Turkish authorities have detained 25 people, including current and former civil servants, as part of an ongoing crackdown on the faith-based Gülen movement, the state-run Anadolu news agency reported.
The İstanbul Chief Public Prosecutor’s Office issued detention warrants for 25 people, among them seven current and four former civil servants who were dismissed by emergency decree laws in the aftermath of a failed coup on July 15, 2016.
The detainees were accused of engaging in activities linked to the movement, including contacting alleged members via payphones, staying in shared student apartments allegedly affiliated with the movement, working at Gülen-linked companies, depositing money in the now-shuttered Bank Asya and using encrypted messaging app ByLock, an application once widely available on Apple’s App Store and Google Play that Turkish authorities claim was used as a secret communication tool for Gülen supporters.
Turkish President Recep Tayyip Erdoğan has targeted followers of the Gülen movement, inspired by the late Muslim cleric Fethullah Gülen, since corruption investigations in December 2013 implicated him as well as some members of his family and inner circle. He dismissed the probes as a Gülenist conspiracy and later designated the movement a terrorist organization in May 2016, intensifying a sweeping crackdown after the coup attempt in July of the same year that he accused Gülen of orchestrating. The movement denies involvement in the coup attempt or any terrorist activity.

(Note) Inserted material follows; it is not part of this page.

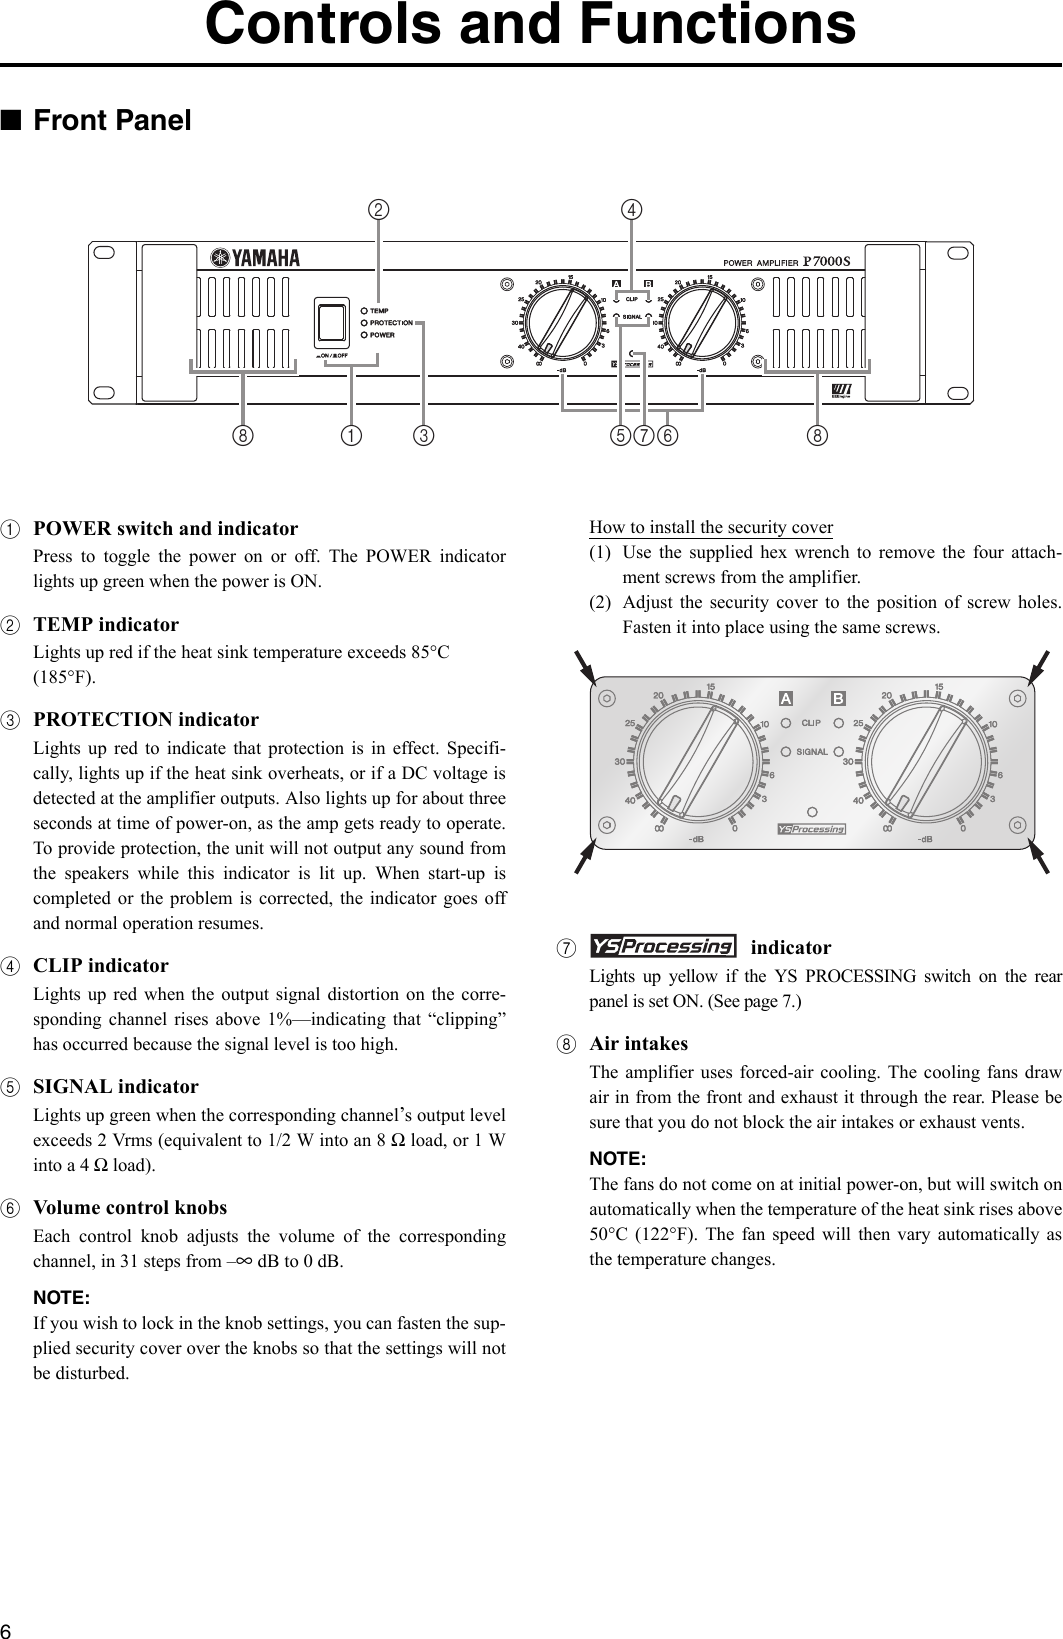 Yamaha P7000S P5000S P3500S P2500S Owners Manual P7000S ... on

According to the latest figures from the Justice Ministry, more than 126,000 people have been convicted for alleged links to the movement since 2016, with 11,085 still in prison. Legal proceedings are ongoing for over 24,000 individuals, while another 58,000 remain under active investigation nearly a decade later.
In addition to the thousands who were jailed, scores of other Gülen movement followers had to flee Turkey to avoid the government crackdown.